- What to work on
In this exercise, return the whole listing exactly, excluding any images.

- Source data
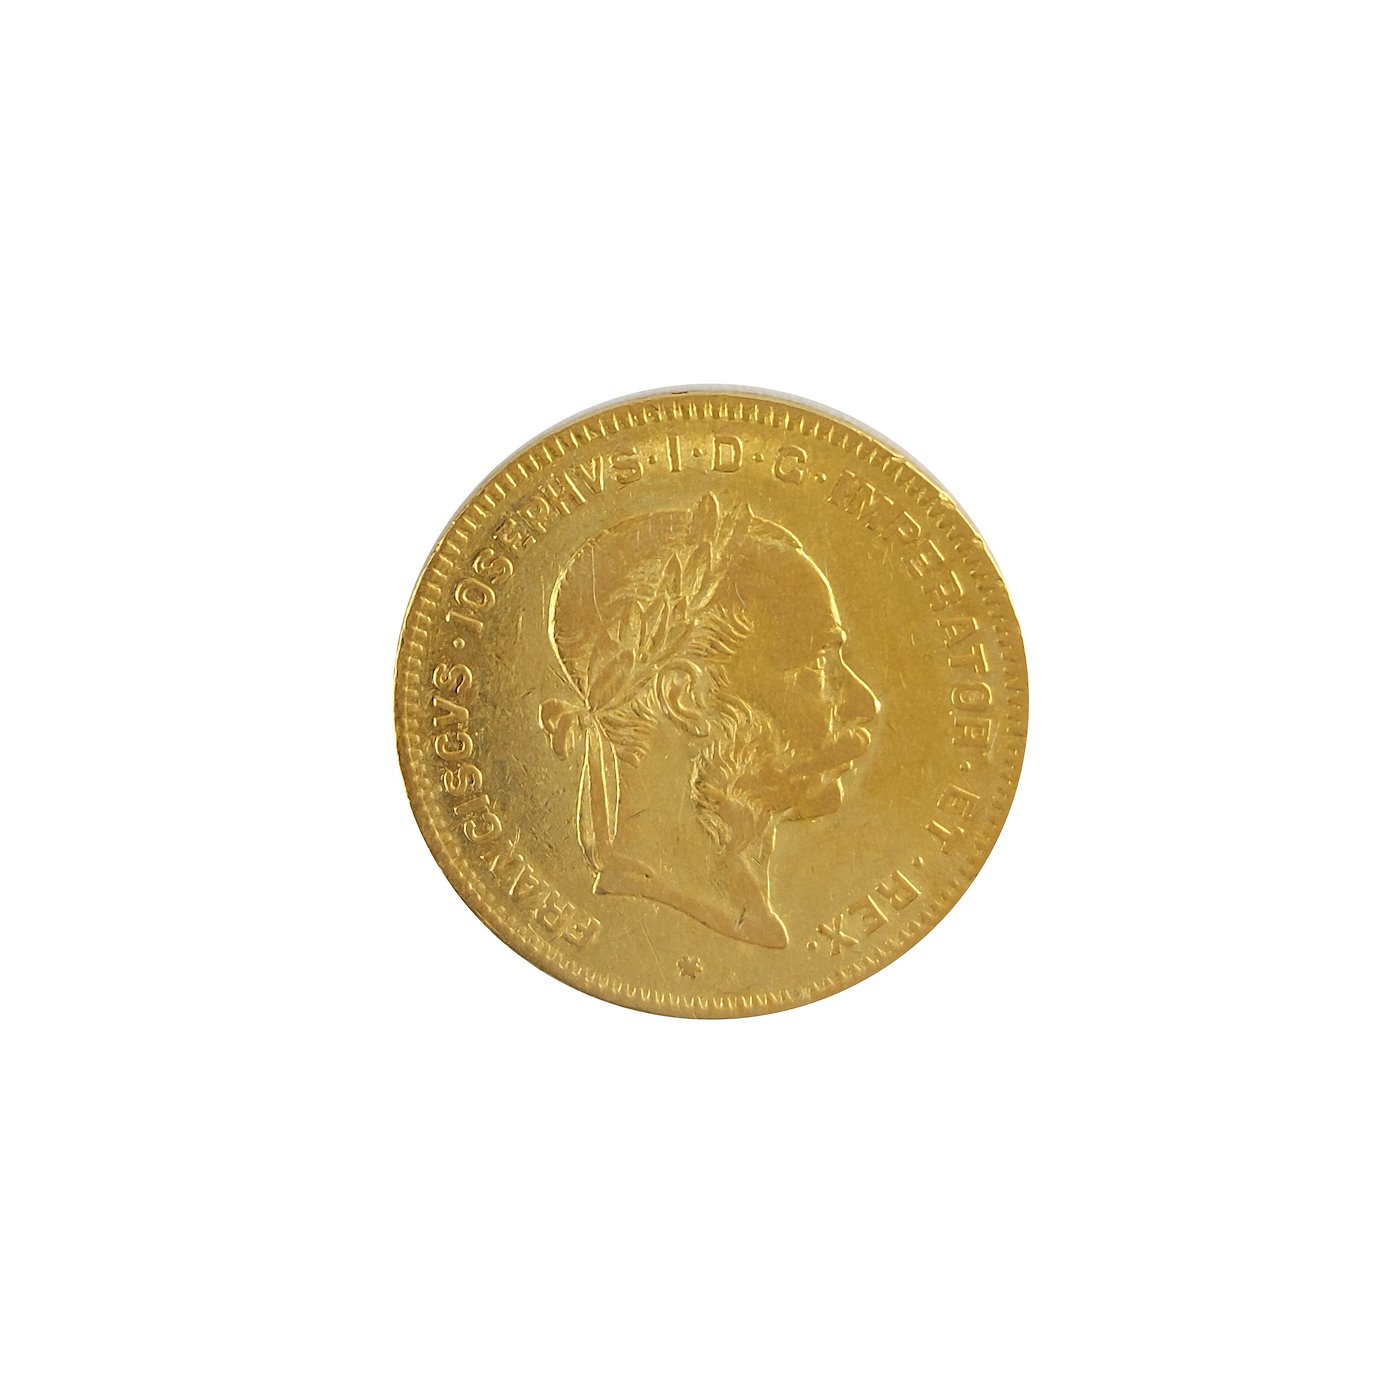 .. - Rakousko Uhersko zlatý 4 zlatník / 10 frank 1885 rakouský
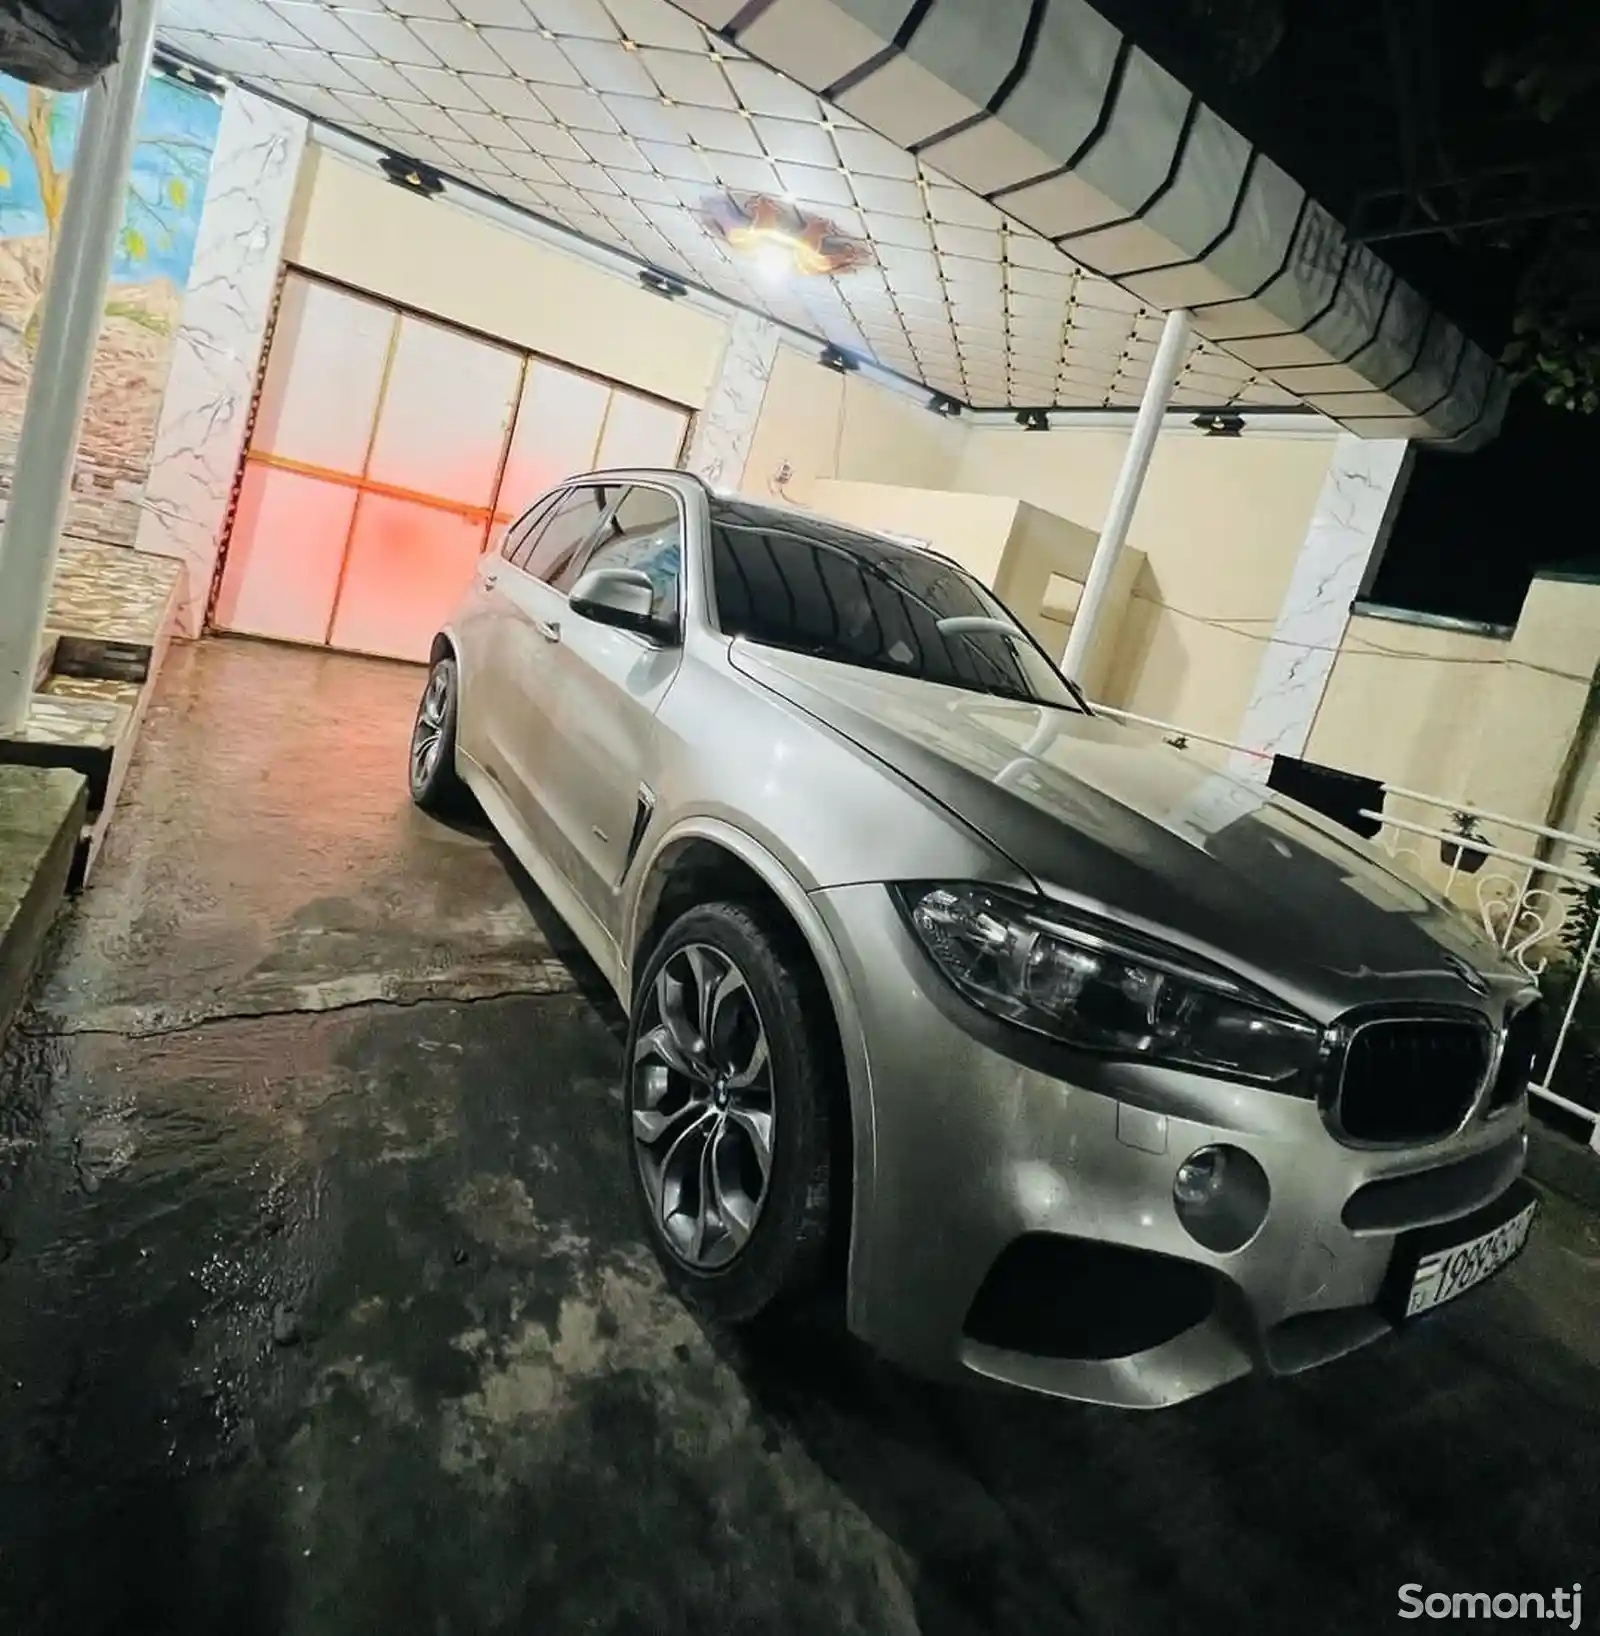 BMW X5, 2016-2
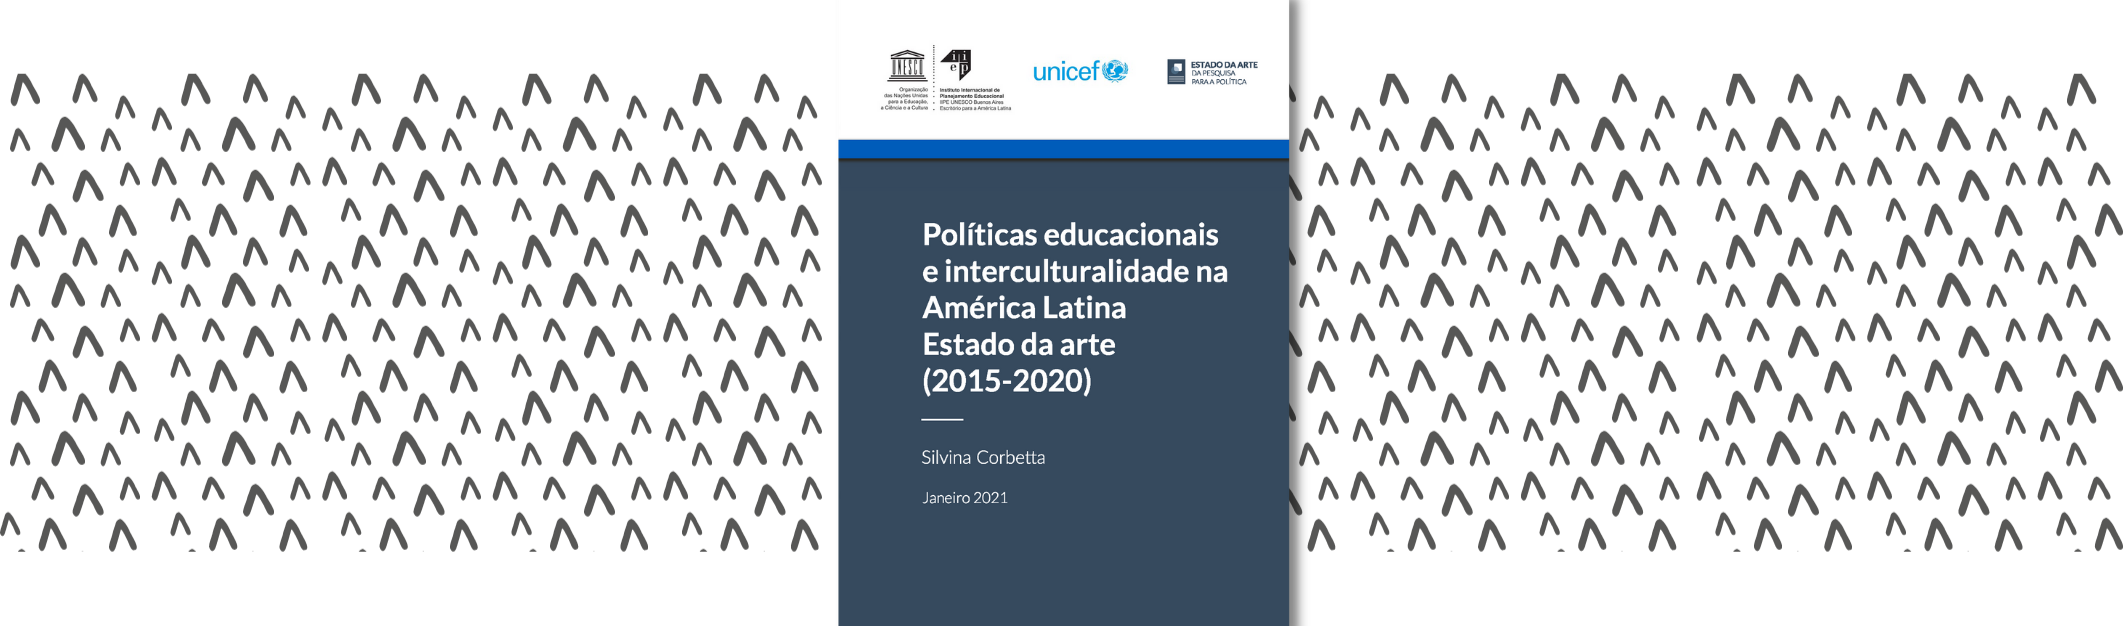 Políticas educacionais e interculturalidade na América Latina: estado da arte (2015-2020)

- Your response
 .. - Rakousko Uhersko zlatý 4 zlatník / 10 frank 1885 rakouský
 BMW X5, 2016-2
 Políticas educacionais e interculturalidade na América Latina: estado da arte (2015-2020)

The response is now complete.